In summary, these two steps of screening reduced the sample size to 659 candidates, listed in Table 3. It shows the adopted nomenclature for their identification. Their location on the Milky Way map is shown in Fig. 4 (generated with the Python module mw_plot³). Importantly, this inspection of the candidates is a subjective step that relies heavily on human judgment, despite the “training” on the known clusters.

Fig. 2

Cluster candidate verification plots for a known recovered cluster (G3CC 8; Morales et al. 2013, left) and for a new candidate (right). The titles list the derived cluster parameters (see Sects. 2.3 and 3 for more details). Panels: Top left – Mid-IR CMD; red dots are all sources within the cluster radius and black dots are all sources in the sky annulus. Top right – Map of GLIMPSE sources with colors in the bin 0.6 mag≤[3.6]−[4.5]≤4.0 mag, color-coded by [3.6]−[4.5]. The red circle shows the cluster region and the black rings the sky annulus. Middle left – Combined near/mid-IR CMD; the dots are coded lines in the panel above. Middle right – Map of GLIMPSE-2MASS sources. Black dots represent all sources, while larger dots color-coded by [K]−[3.6] are the objects with 0.6 mag≤[3.6]−[4.5]≤4.0 mag. Bottom left – Mid-IR [3.6]−[4.5] color histogram for sources in the cluster region (black) and sources in the background annulus (red). The potential cluster members cause the excess at 0.6 mag≤[3.6]−[4.5]≤4.0 mag. Bottom right – Near/mid-IR K-[3.6] color histogram. The notation is the same as on the previous histogram. Vertical dashed blue lines at K−[4.5]=1.0 mag and 4.0 mag were added only to guide the eye. The potential cluster members cause the excess at K−[4.5]≥1.0 mag.

Table 3

Some of the screened cluster candidates. The entire table is available at the CDS.

Fig. 3

Three color images (2.5′ on the side) for the cluster in Fig. 2 (left): 2MASS JHK_S, WISE W1W2W4 and GLIMPSE [3.6][4.5][8.0] (left to right). North is up, east is to the left.

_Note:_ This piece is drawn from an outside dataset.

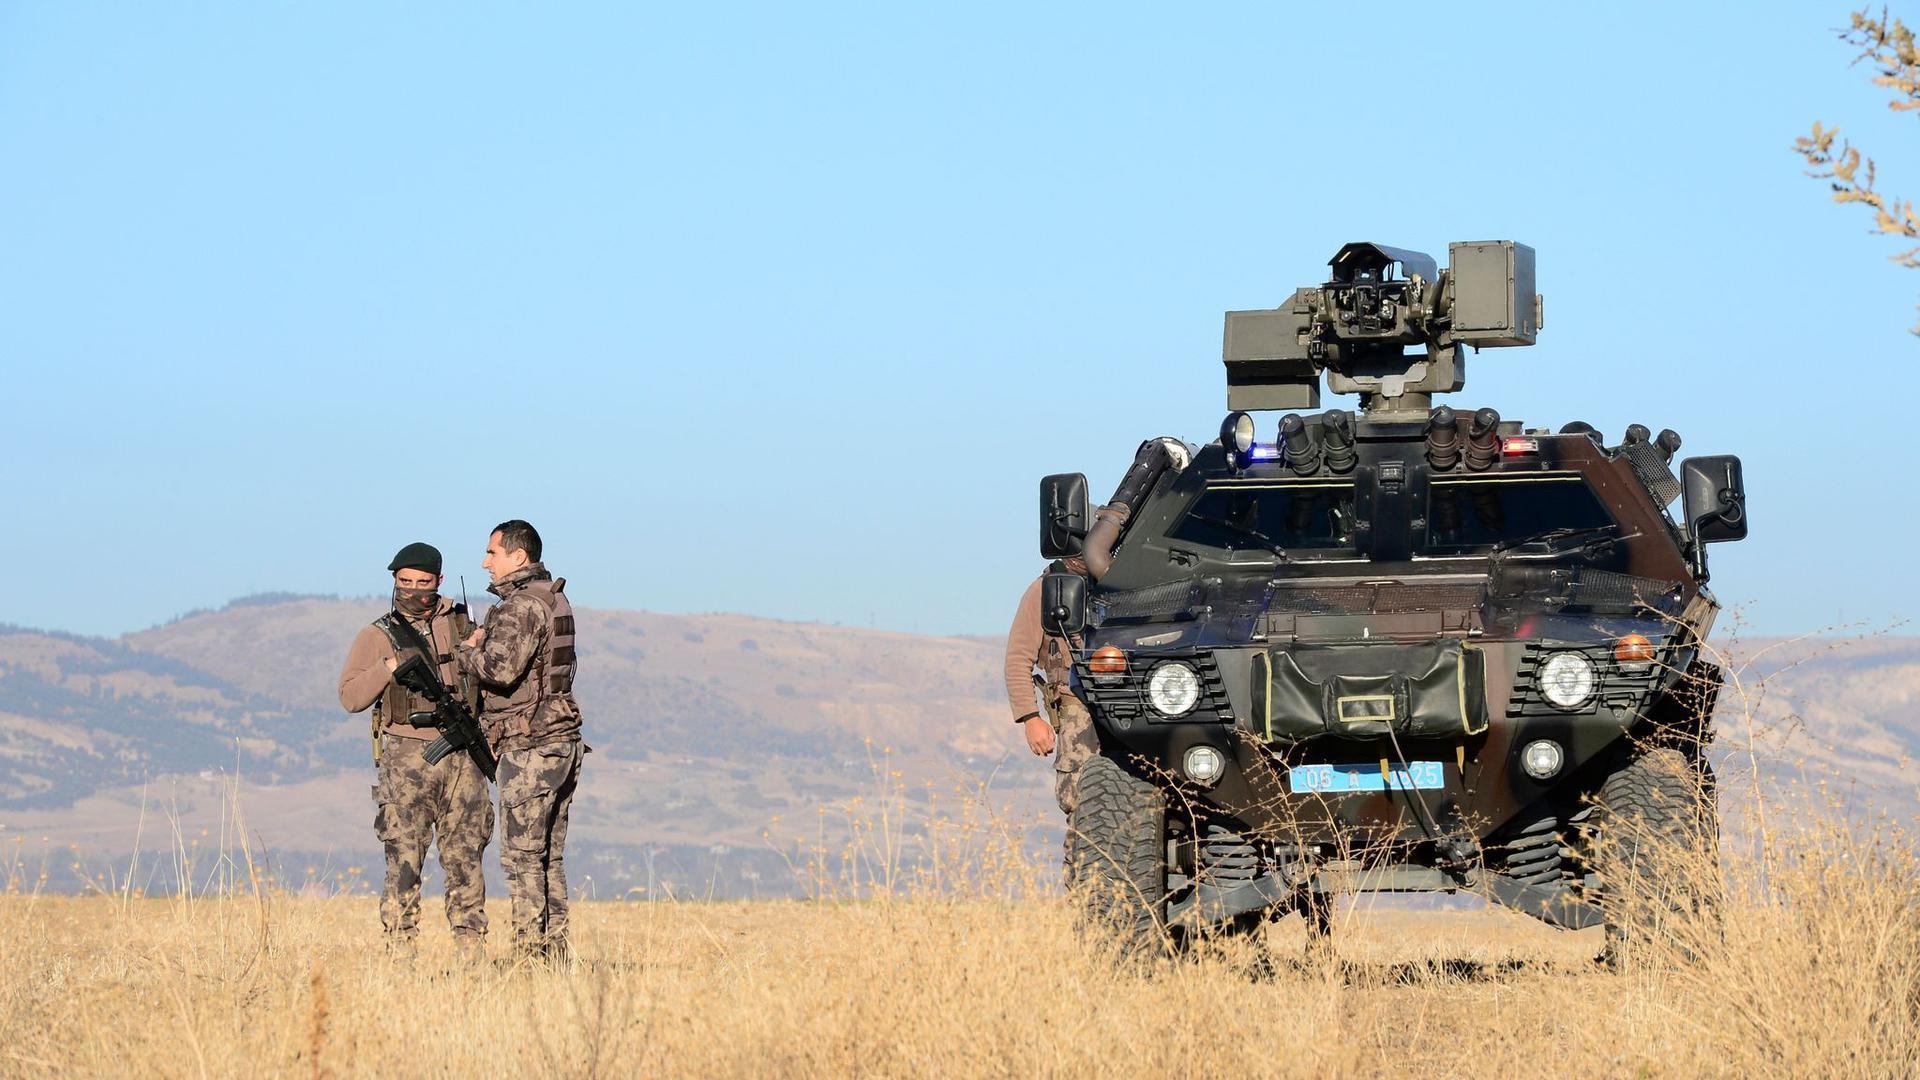 Bewaffnete Mitglieder einer Sondersicherheitseinheit stehen Wache außerhalb eines Luftwaffenstützpunktes, auf dem ein Gericht Urteile gegen Hunderte Beteiligte nach dem Putschversuch in der Türkei spricht.

2.4 Properties of the sample of cluster candidates

A SIMBAD⁴ search indicated that 106 of the 659 candidates were known: 12 are open clusters, a globular cluster (2MASS GC01; Hurt et al. 2000), and the rest are extremely young embedded star clusters residing in star-forming regions. Figure 5 shows histograms of the derived parameters for all candidates before screening (blue), for candidates selected after the screening (orange), and for the known clusters (green).

Typically, the overdensity distributions peak at 4–5σ above the foreground and background level. The verified candidates and the bona fide clusters tend to present somewhat higher overdensities than the average for the initial selection. Some overdensities are negative, so there are more stars in the annulus than in the cluster region, even for previously known clusters. These candidates were still included in our list because of the morphology of either their CMD (e.g., an excess of redder stars) or of their three-color images (e.g., showing extended emission that is probably associated with dust in the mid-IR or with gas in the near-IR). Most of the highest overdensities with σ≥20 tend to exhibit cluster-like CMDs and/or morphologies and pass through the screening. The rejected high-overdensity candidates are located at the edges of dark clouds.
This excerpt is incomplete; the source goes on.